JoAnna Idzikowska - Kęsik, 7 XII 15

***cytat w tytule notki,Sławomir Mrożek
*zdjęcia z netu

14 komentarzy:

  1. Piękny wpis to wszystko pamiętam ale ludzie byli więcej życzliwi i uśmiechnięci pomimo powagi sytuacji w której mi bylo żyć serdecznie pozdrawiam

    OdpowiedzUsuń
    Odpowiedzi
    1. To były inne czasy.
      Ludzie umieli wówczas ze sobą rozmwiac, być,
      Teraz wolą komórki i net.

      Pozdrówki, Różyczko!

      Usuń
  2. Racja. Umieliśmy ze sobą rozmawiać! Sądzę, że mimo niewygodnego ustroju i nieciekawej sytuacji, byliśmy wszyscy w stosunku do siebie bardziej życzliwi. Tamten czas zrównywał ludzi. Pamiętam jak szłam do pracy a śnieg zgarnięty na boki chodnika, przez pracowników zakładu do którego szłam, sięgał wyżej mojej głowy. Uważam, że takie sytuacje polityczne jednoczą Polaków. W każdym razie JEDNOCZYŁY!
    Pozdrawiam:)

    OdpowiedzUsuń
    Odpowiedzi
    1. A za dolary, kupowałam w PEWEKSie "Soir de Paris".

      Usuń
    2. Każdy ma jakieś wspomnienia, wszystkie są ciekawe.
      Moja mama też używała perfum z peweksu, ale nie pamiętam ich nazwy.
      Nam (bratu i mnie) kupowała pastę do zębów "Pepsodent", bo nie chcieliśmy myc wszędobylską, ohydną "Nivea".
      Tak, zima była wtedy zimna... I ludzie... chyba fajniejsi, skupieni nie tylko na sobie.
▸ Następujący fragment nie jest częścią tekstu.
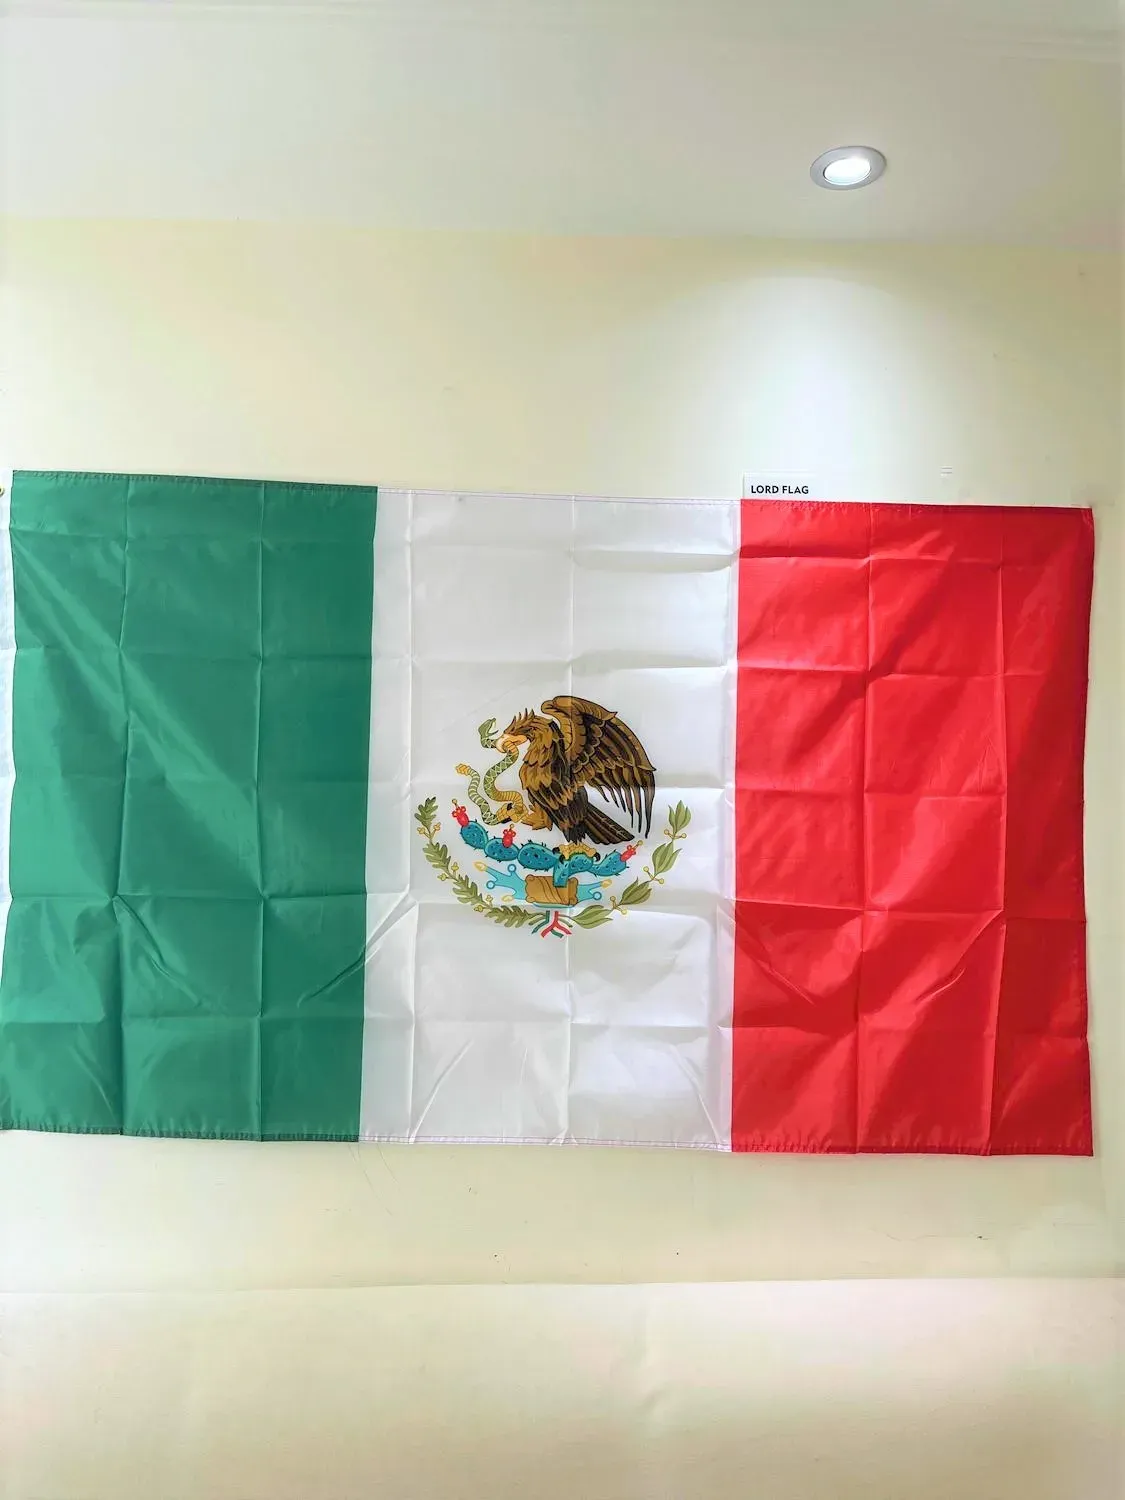 Flags Free shipping Mexico flag 90X150cm Hanging Printed red white green Mex Mx Mexican National Flags Mexicanos Banner For Decoration

      Pozdrawiam ciepło, j.

      Usuń
  3. Zgubiłam Cię - i nareszcie odnalazłam! Matko, nawet nie wiesz, jak się cieszę! :)

    OdpowiedzUsuń
  4. A co do postu... Moje dzieciństwo w PRL-u było sielanką, mam wyłącznie dobre wspomnienia. Pomarańcze pachniały i wcale nie były zielone...

    OdpowiedzUsuń
    Odpowiedzi
    1. Ja też się bardzo cieszę. :)))

      Moje dzieciństwo tez było naprawdę fajne, ale jakoś mocno zapamiętałam ten dzień, bo moja mama prawie się popłakała z żalu, a ja tak zmarzłam, że się rozchorowałam. I dlatego zapamiętałam te zielone pomarańcze, które pani sąsiadka nam przyniosła, jak się dowiedziała, że nie wystaliśmy.:))

      Powiem Ci jednak w sekrecie, że jako dziecko komuny mam niejaki kompleks materiałów piśmienniczych (mimo, iż pisałam Parkerem) i wciąż sobie kupuję masę żelowych, kolorowych długopisów, takich w żarówiastych kolorkach, których nie miałam w swoich czasach. ;-))

      Serdeczności!

      Usuń
  5. Nigdy nie lubiłam pomarańczy, nawet na przerwach prosiłam uczniów, aby ich nie obierali w mojej obecności. W czasie stanu wojennego nasz syn, wtedy 4-letni, koniecznie chciał, abym przejeżdżała obok patrolu żołnierzy. Kiedyś nawet się zatrzymałam samochodem i poprosiłam, aby mnie skontrolowali;). Oj, syn miał wtedy frajdę.
    Serdecznie pozdrawiam i przykro mi, że masz takie niemiłe wspomnienia z grudnia 1981 roku.

    OdpowiedzUsuń
    Odpowiedzi
    1. Witaj, Aniu,
      lubię cytrusy, najbardziej pomelo, które wcinam ostatnio namiętnie, ale pomarańcze też.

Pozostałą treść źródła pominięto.